可能性 ある 島 の

芸術鑑賞の備忘録

映画『クレイジー・デートナイト』

映画『クレイジー・デートナイト』を鑑賞しての備忘録
2021年製作のアメリカ映画。
105分。
監督・脚本は、マニュエル・クロスビー(Manuel Crosby)とダレン・ナップ(Darren Knapp)。
撮影は、マニュエル・クロスビー(Manuel Crosby)。
編集は、ザック・パッセロ(Zach Passero)とマニュエル・クロスビー(Manuel Crosby)。
音楽は、ケビン・ケンテラ(Kevin Kentera)、マニュエル・クロスビー(Manuel Crosby)、ノア・ローダーミゥク(Manuel Crosby)。
原題は、"First Date"。

 

トニー(Todd Goble)が自室から落ち着かない様子で電話をかける。ターシャ、聞こえる? ええ、トニー、何なの? 今晩出よう。聞こえてる? ええ。
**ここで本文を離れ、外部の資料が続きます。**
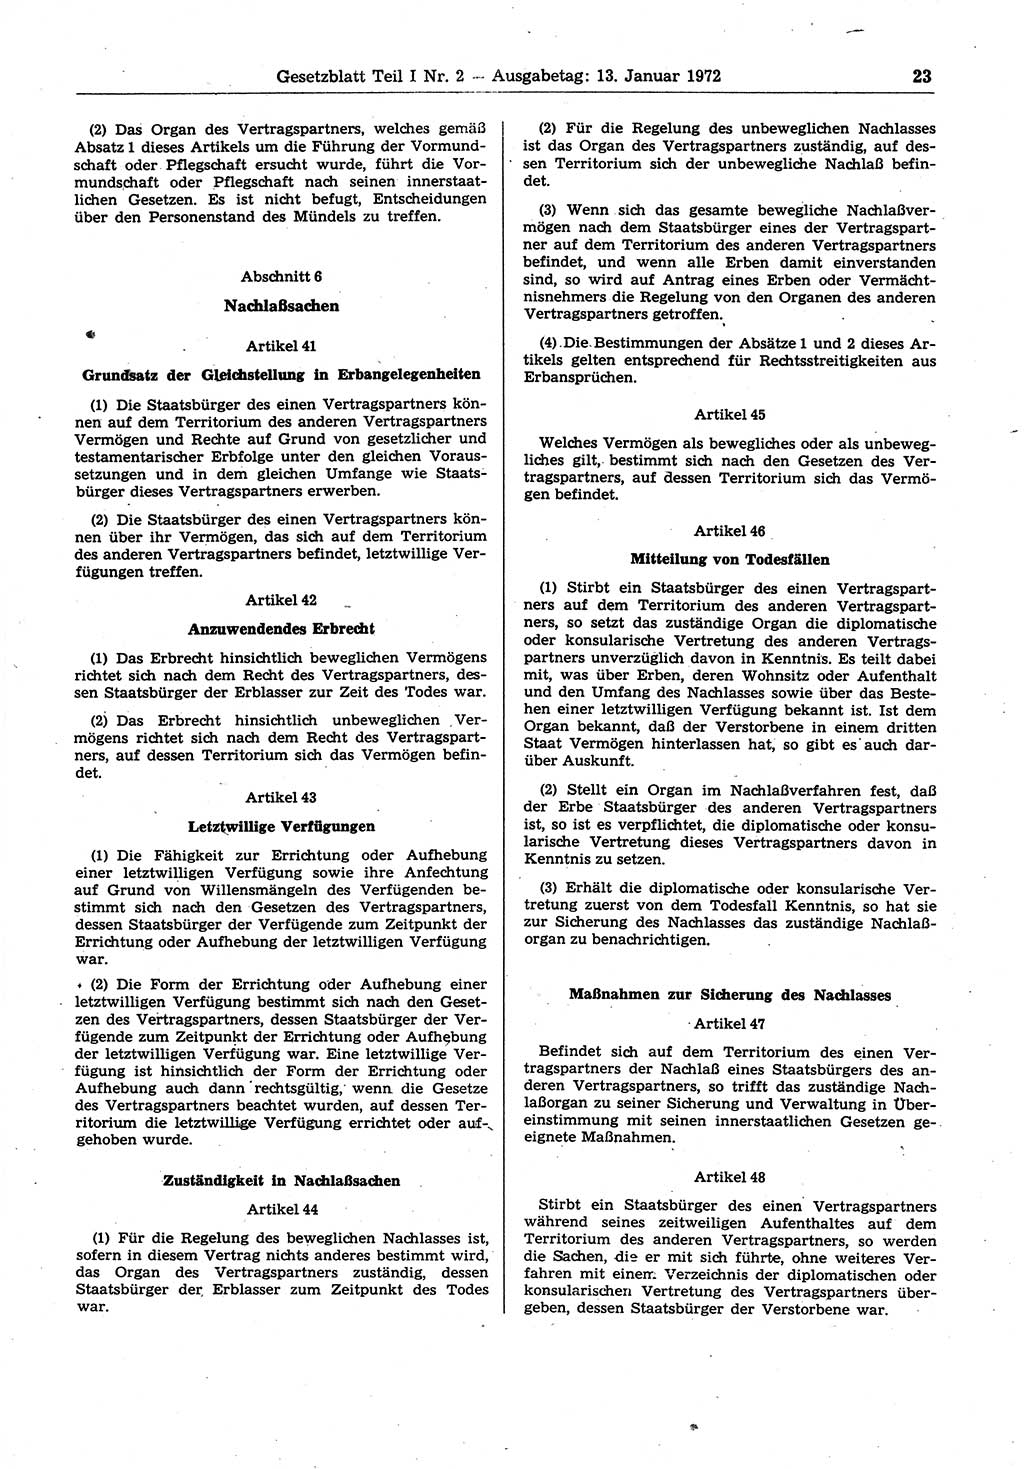 Gesetzblatt (GBl.) der Deutschen Demokratischen Republik (DDR) Teil Ⅰ 1972, Seite 23 (GBl. DDR Ⅰ 1972, S. 23)

通信状況良くない? 問題無いわ、聞こえてる。20分で迎えに行く。明日朝10時…。何の話? 日焼け止めは? 忘れちゃったんだ。真面目な話? 一緒にメキシコに逃げたいって言ったの覚えてる? 何で初デートでの話を本気にするの? トニーは慌ただしくトランクに荷物を詰め込む。初めから分かってたって言ってたからさ。僕らは一緒になるべきなんだ。ずっとね。だから次の段階に進むべきだよ。マルガリータを3杯飲んでたのよ。トニーの住まいのフェンス越しに、トニーの部屋の盗聴と監視が行われていた。友達から車を借りてるんだ。彼の家に置いてあるから取りに行かなきゃ。トニー、今夜は無理よ。大きなピザを注文しちゃった。僕はメキシコにちょっと関わりがあるんだよ。トニーが拳銃を用意する。トニーの部屋に数人の目出し帽の人物が近付いていく。君にはこれまで感じたことのないくらいの愛情を感じるんだ。最高に綺麗なメキシコのビーチ以上にさ。一緒に来てよ。ずっと愛情を注ぐって誓うからさ。待って、ピザが届いた。トニーは何かが割れる音を耳にする。トニーが玄関の方を窺う。話し声が聞こえてくる。奴はいるんだろうね。もちろん。奴だ! トニーは咄嗟に部屋に隠れてドアを閉める。押し入ってきた連中がドアを叩く。開けやがれ。蹴破れ。突然銃声がしてドアに張ってあったピンナップに穴が開く。死んじまうだろ! 女の怒鳴り声が聞こえる。ドアの外では言い争いが続いている。トニーは突然倒れる。胸の銃創からは血が滴っていた。トニーの耳元の受話器からはターシャの声が聞こえる。私たち別れた方がいいわ。同じ世界に住んでいるとは思えないもの。メキシコとアメリカってだけじゃなくてね。トニー、聞いてる?
ケルシー(Shelby Duclos)がガレージでサンドバッグにパンチを打ち込んでいる。そのとき、ケルシーの家の前の道を2台の自転車が通り過ぎるところだった。課題なんてやりたくない。俺の15分が無駄になる。ブレット(Josh Fesler)が蛇行しながらぼやく。数学はばっくれる。マジで嫌いなんだよ。英語もな。英語ばっくれようぜ。全部やらない方がいい。マイク(Tyson Brown)はブレットの話を聞き流し、ケルシーの家に目をやる。サンドバッグ打ちをするケルシーの姿が見えた。マイクにはケルシーの姿しか目に入らない。マイク、危ない! チェット(Brandon Kraus)の車にぶつかりそうになり、マイクが自転車ごと転倒する。ケルシーがマイクに気付いて大丈夫かと声をかける。そこにチェットが割り込んで気をつけろとマイクに告げると、すぐにチェルシーに向かって数学の最終試験の勉強を一緒にしようと誘う。いつがいい? 来週の第2火曜は? それって何日? 絶対にやって来ない日。ケルシーはガレージのシャッターを下ろす。いずれ彼女は俺のものだ。チェットはへこたれることなく立ち去る。ブレットは腹が減ったから行こうと自転車を漕ぎ始める。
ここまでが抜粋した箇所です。